The Obama Administration is postponing a much-touted provision of the new healthcare law which bars employers from providing better benefits to top executives than to other employees, reports the New York Times.
Internal Revenue Service officials told the Times that they would not enforce the provision this year because they had yet to issue regulations for employers to follow.
Adopted nearly four years ago, the Affordable Care Act says employer-sponsored health plans cannot discriminate “in favor of highly compensated individuals” with respect to either eligibility or benefits. The law allows for a substantial tax break for employer-sponsored insurance, and lawmakers said employers should not provide more generous coverage to a select group of high-paid employees.

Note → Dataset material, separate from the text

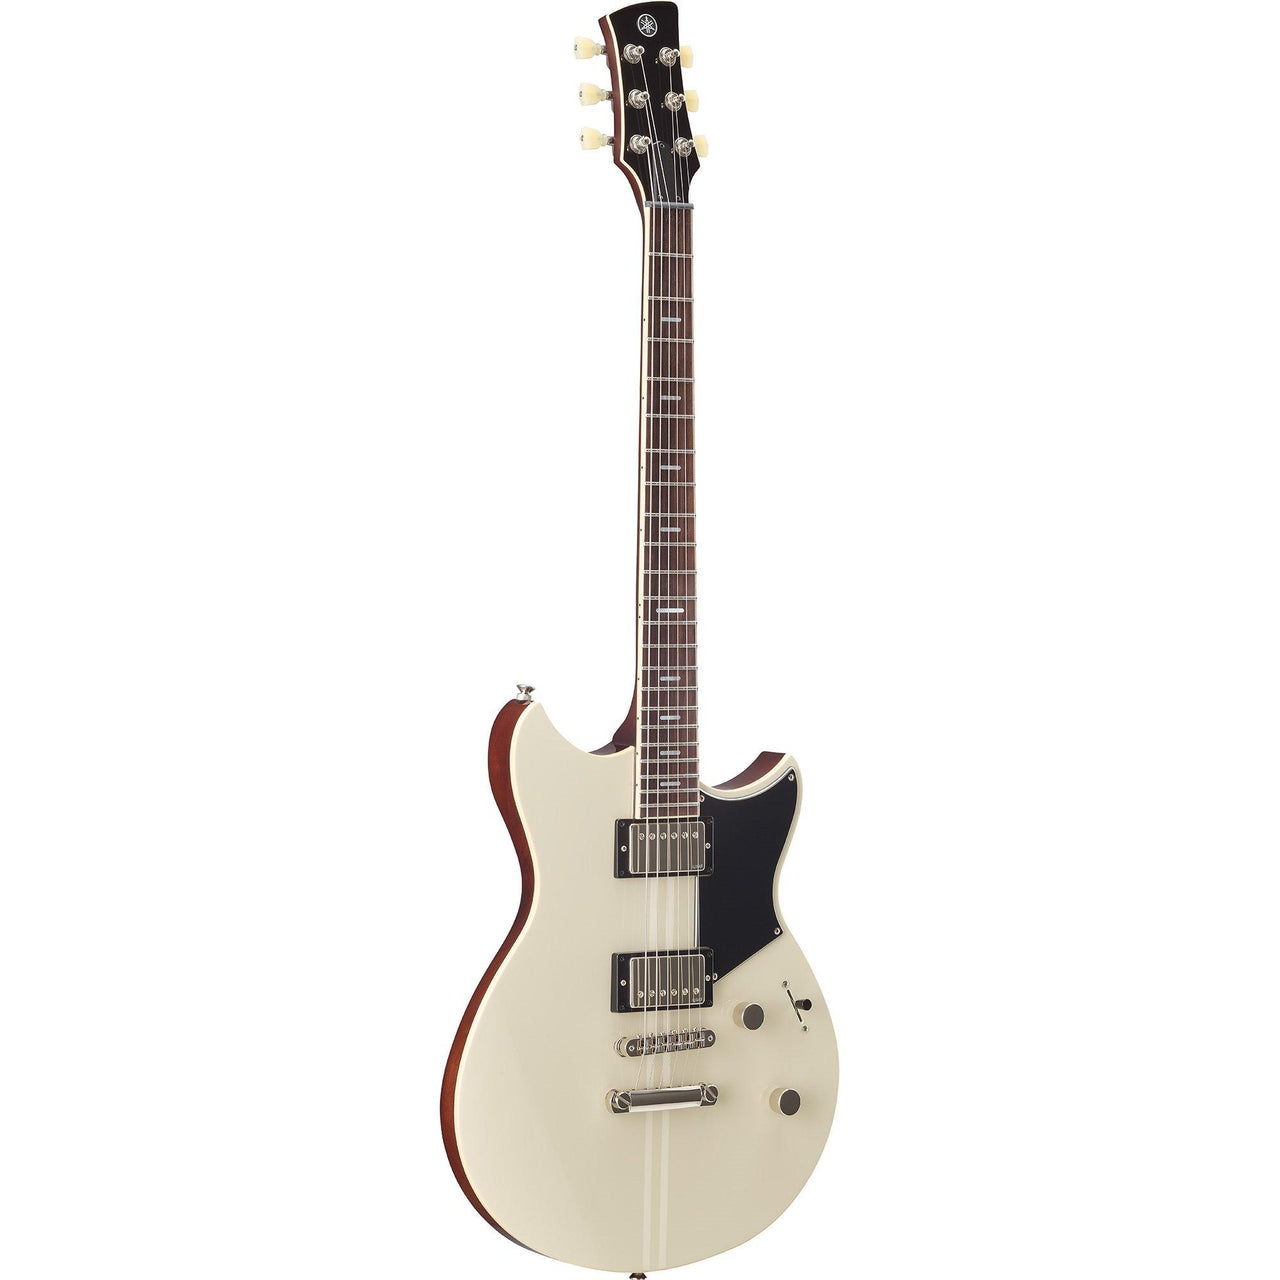 Guitarra Electrica Yamaha Revstar Standard Vintage White, Rss20vw

Reaching that goal, however, has proved difficult.
The I.R.S. told the Times that they were wrestling with complicated factors like how to measure the value of employee health benefits, how to define “highly compensated” and what exactly constitutes discrimination.
Bruce I. Friedland, a spokesperson for the I.R.S., told the Times that employers would not have to comply until the agency issued regulations or other guidance.
President Barack Obama signed the health care law in March 2010. The ban on discriminatory health benefits was supposed to take effect six months later, but Administration officials reportedly said then that they needed more time to develop rules.
A law banning similar discrimination was adopted more than 30 years ago for employers who serve as their own insurers. Now it extends to employers who buy insurance from companies like Aetna, Cigna, Humana and WellPoint, or from local Blue Cross and Blue Shield plans, the Times reports.
“Under the Affordable Care Act, for the first time, all group health plans will be prohibited from offering coverage only to their highest-paid employees,” Erin Donar, a Treasury spokesperson, told the Times. “The Departments of Health and Human Services, Labor and the Treasury are working on rules that will implement this requirement.”
The equal coverage delay is the latest in series of extensions to hit the rollout of Obamacare, which is sure to become an issue during mid-term elections.
The White House has delayed a requirement that larger employers offer coverage to full-time employees and delayed online enrollment in the federal insurance exchange for small businesses. It waived major provisions of the 2010 health law so consumers could renew policies that would otherwise have been canceled or terminated because they did not meet the law’s coverage requirements.
Additionally, the administration announced that people with canceled insurance policies could obtain hardship exemptions shielding them from tax penalties if they went uncovered this year.
A thorny issue confronting the I.R.S. is whether an employer is in violation of the law if it offers the same health insurance to all employees but large numbers of low-paid workers turn down the offer and instead obtain coverage from other sources, like a health insurance exchange, the Times reports.